▶ _Work instruction_:
Without reproducing any image, print the listing below exactly.

═════ Information supplied ═════

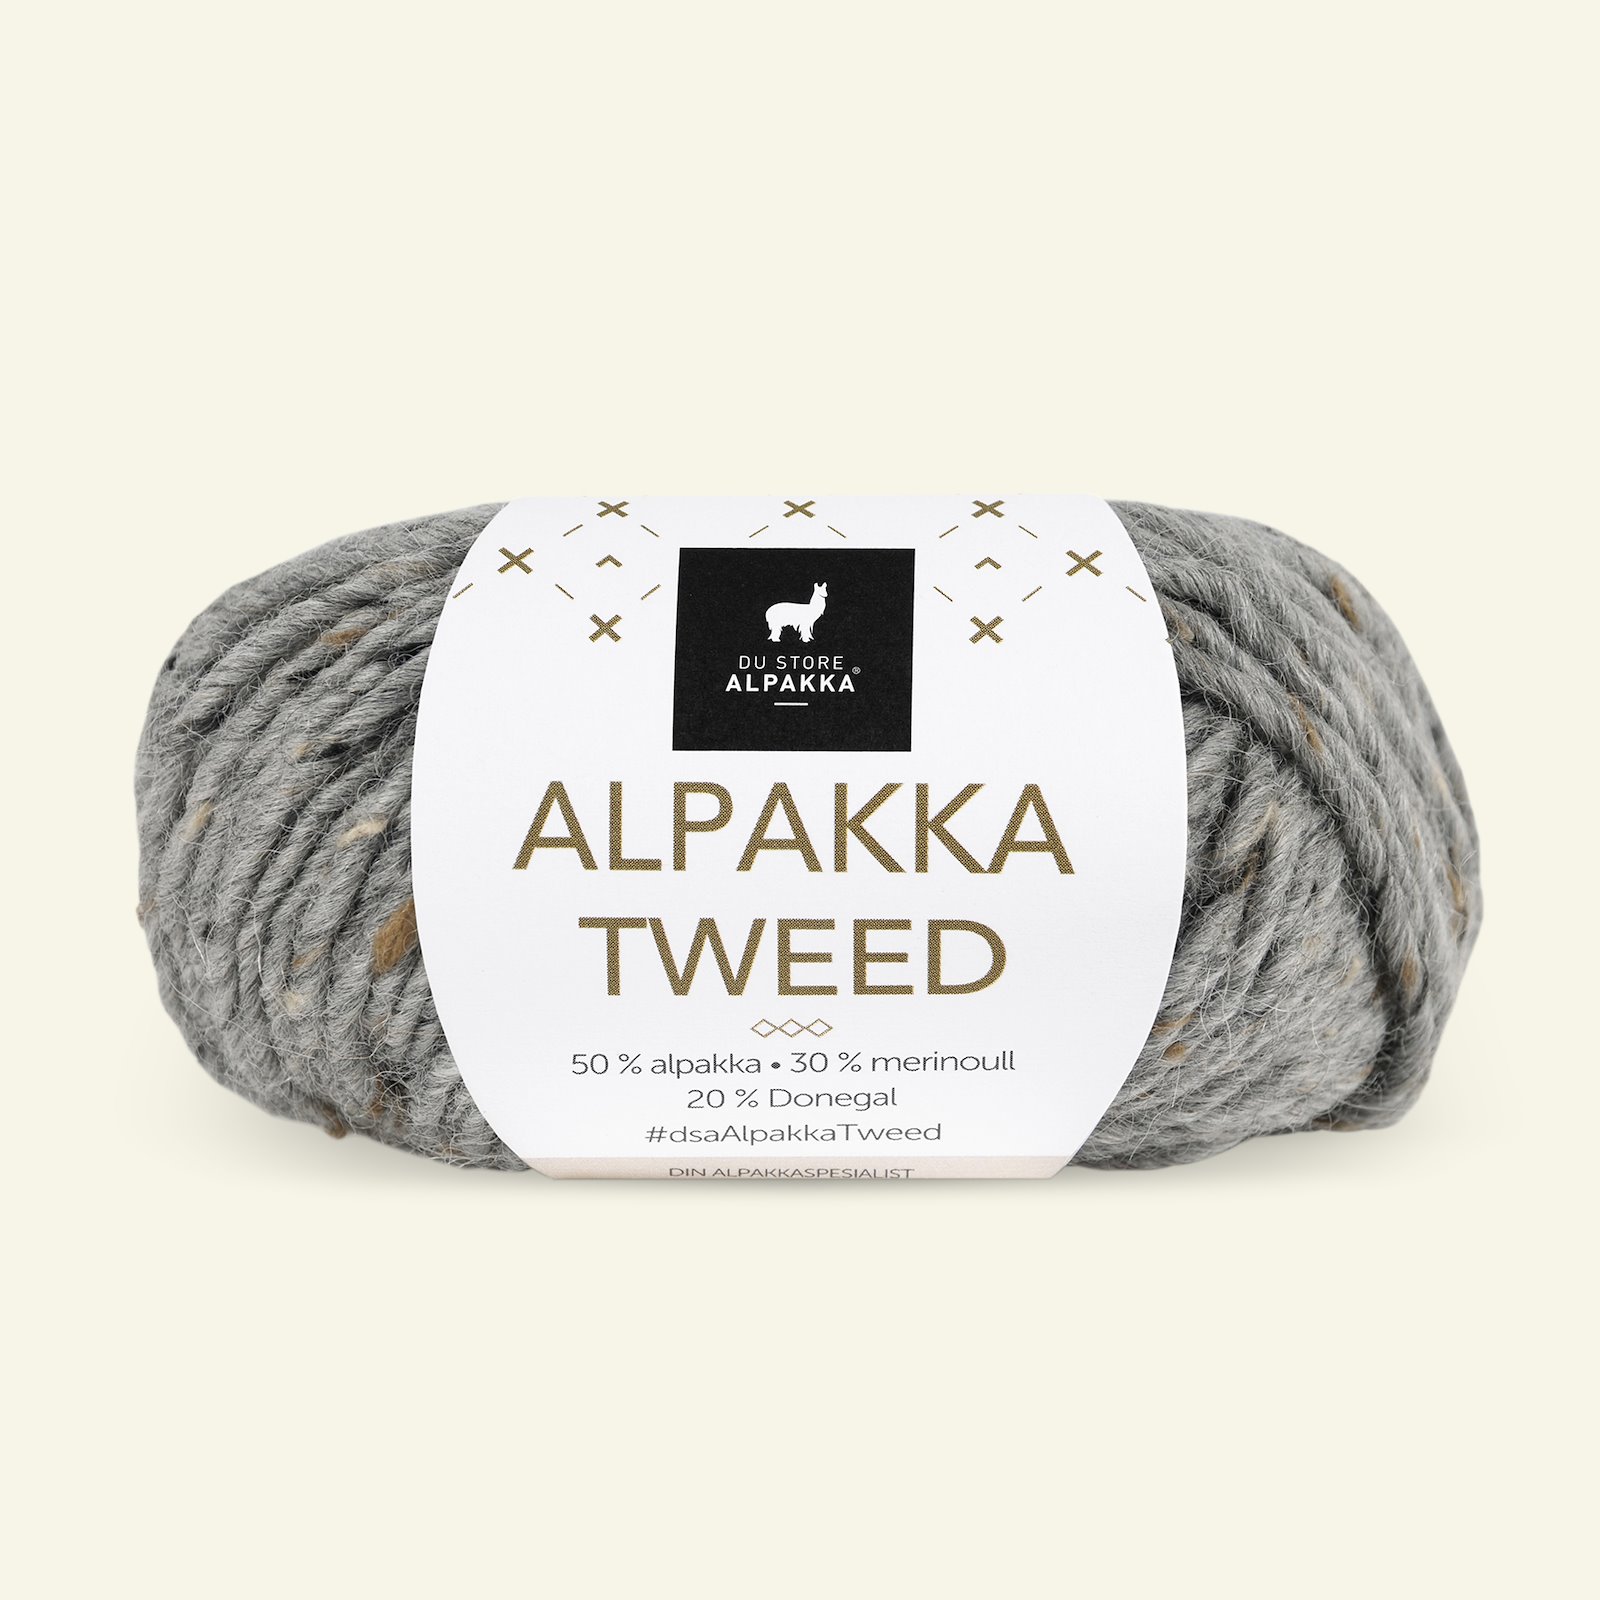 Du Store Alpakka, tweed uldgarn "Alpakka Tweed", grå (101) 90000520_pack
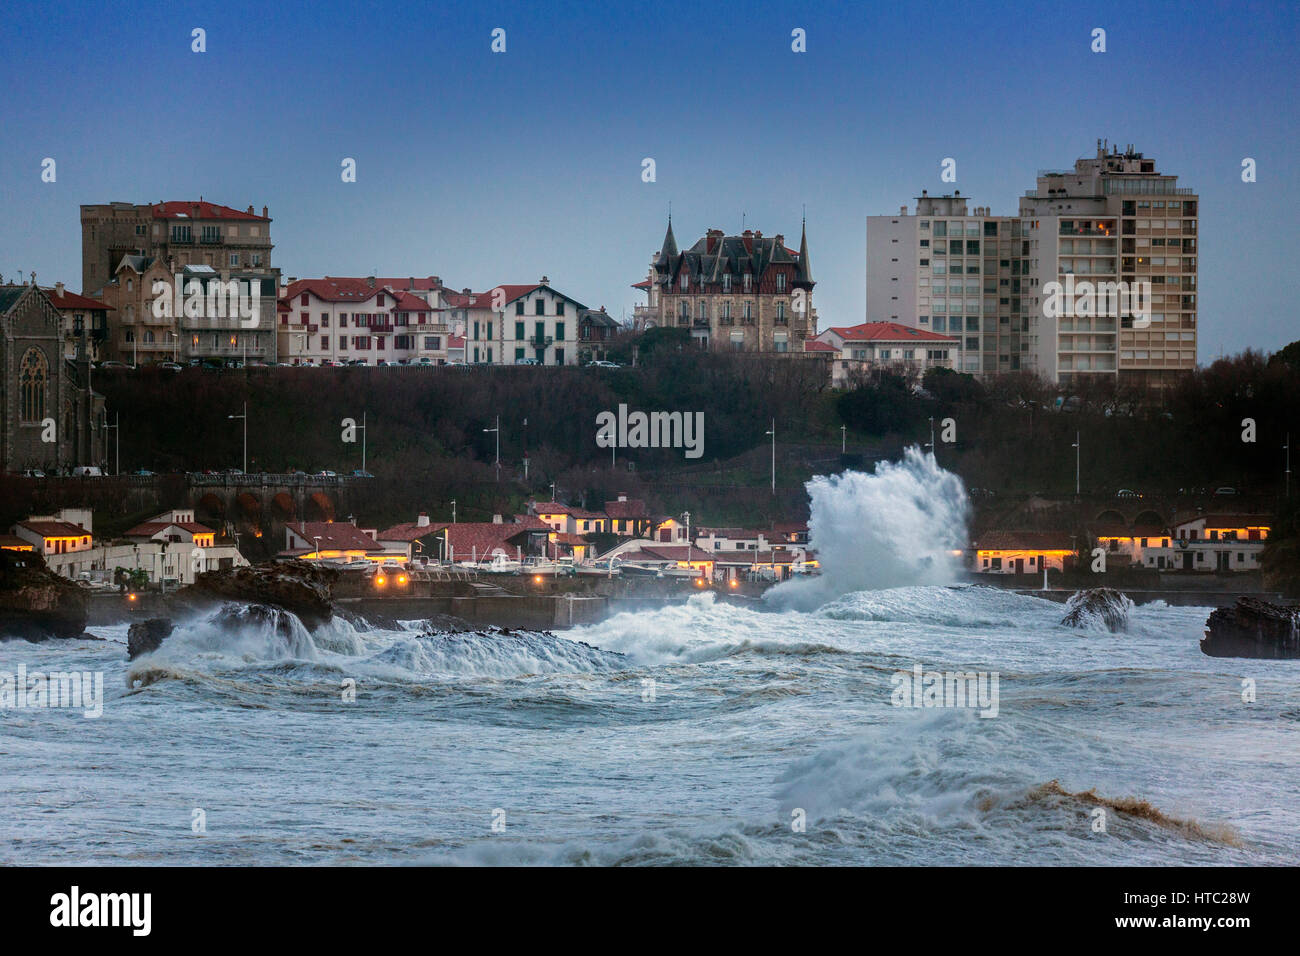 Die Stadt Biarritz durch ein stürmischer Tag (atlantischen Pyrenäen - Frankreich). Ville de Biarritz un Jour de Tempête (Pyrénées-Atlantiques - Aquitaine - Frankreich). Stockfoto
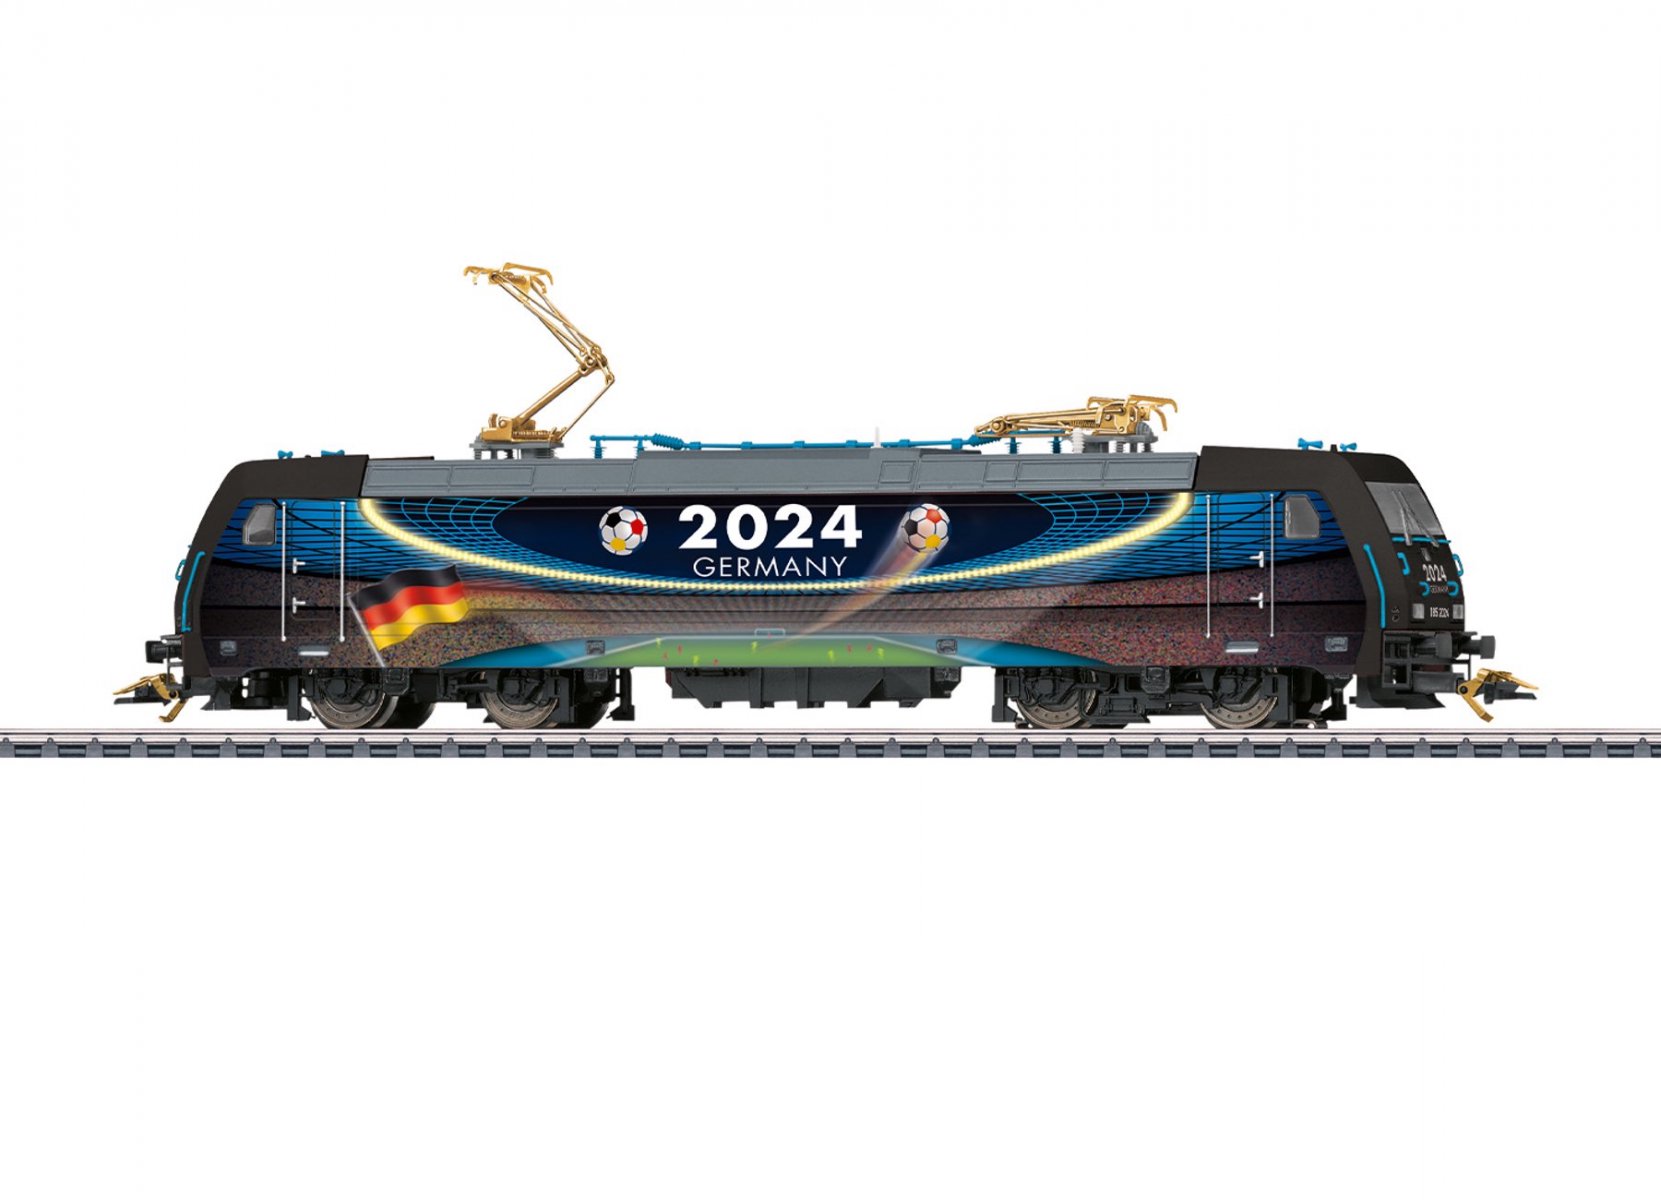 メルクリン(Marklin) HO Class 185.2 36649 | HOスケールのドイツ鉄道用電気機関車 -  欧米型鉄道模型専門店global-train|グローバルトレイン|

═════

▶ _Final answer_:
 Du Store Alpakka, tweed uldgarn "Alpakka Tweed", grå (101) 90000520_pack
 Die Stadt Biarritz durch ein stürmischer Tag (atlantischen Pyrenäen - Frankreich). Ville de Biarritz un Jour de Tempête (Pyrénées-Atlantiques - Aquitaine - Frankreich). Stockfoto
 メルクリン(Marklin) HO Class 185.2 36649 | HOスケールのドイツ鉄道用電気機関車 -  欧米型鉄道模型専門店global-train|グローバルトレイン|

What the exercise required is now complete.